JSON to Rust

Generate Rust struct definitions with serde derives from JSON.

Paste a JSON sample and get Rust structs with #[derive(Serialize, Deserialize)] ready to drop into a serde_json project. Nested objects become their own structs; arrays become Vec; field names that aren't valid Rust identifiers get a #[serde(rename)] attribute.

Common use cases: writing a typed client for a JSON API, modelling configuration files in Rust, generating fixtures for tests, and getting a starting point that's faster than writing structs by hand for a deeply nested response.

JSON

Rust

Frequently asked questions

Does the output include serde annotations?
Yes — each struct is prefixed with #[derive(Serialize, Deserialize)] so the type can round-trip with serde_json.

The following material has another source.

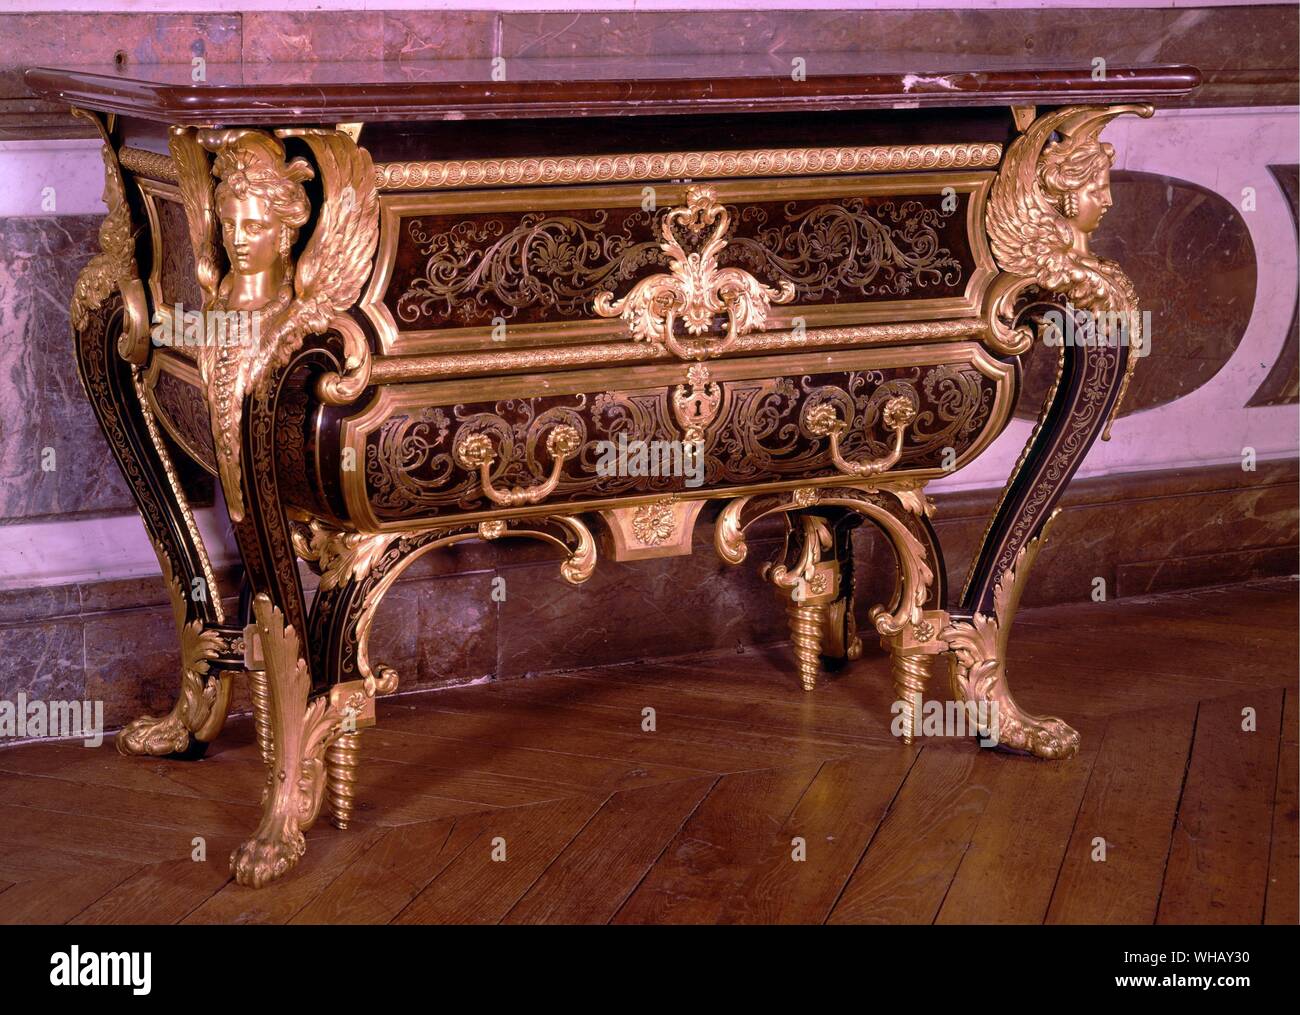 Boulle commode made for Louis XIV room at the Grand Trianon 1701. Rococo carving bowed legs, acanthus leaf decoration, french sphinxes at corners. The Sun King by Nancy Mitford, page 176.. The Grand Trianon is a royal villa situated to the north of the Palace of Versailles gardens, in France. The villa was built in 1687 as a retreat for King Louis XIV of France. Stock Photo

Field names that aren't valid Rust identifiers get a #[serde(rename = "…")] attribute mapping back to the JSON name.
How are numbers typed?
Integers without a fractional part become i64 (or u64 if always positive); numbers with a decimal point become f64. For very large IDs you may want to swap i64 for String manually to avoid precision loss across systems.
What about optional fields?
A single sample doesn't reveal optionality — every field is generated as required. To mark a field optional, wrap its type in Option<…> and add #[serde(default, skip_serializing_if = "Option::is_none")].
How are nested objects and arrays modelled?
Each nested object becomes its own named struct; arrays become Vec<T>. Heterogeneous arrays (mixed types) fall back to serde_json::Value — refine those manually if you know the variants.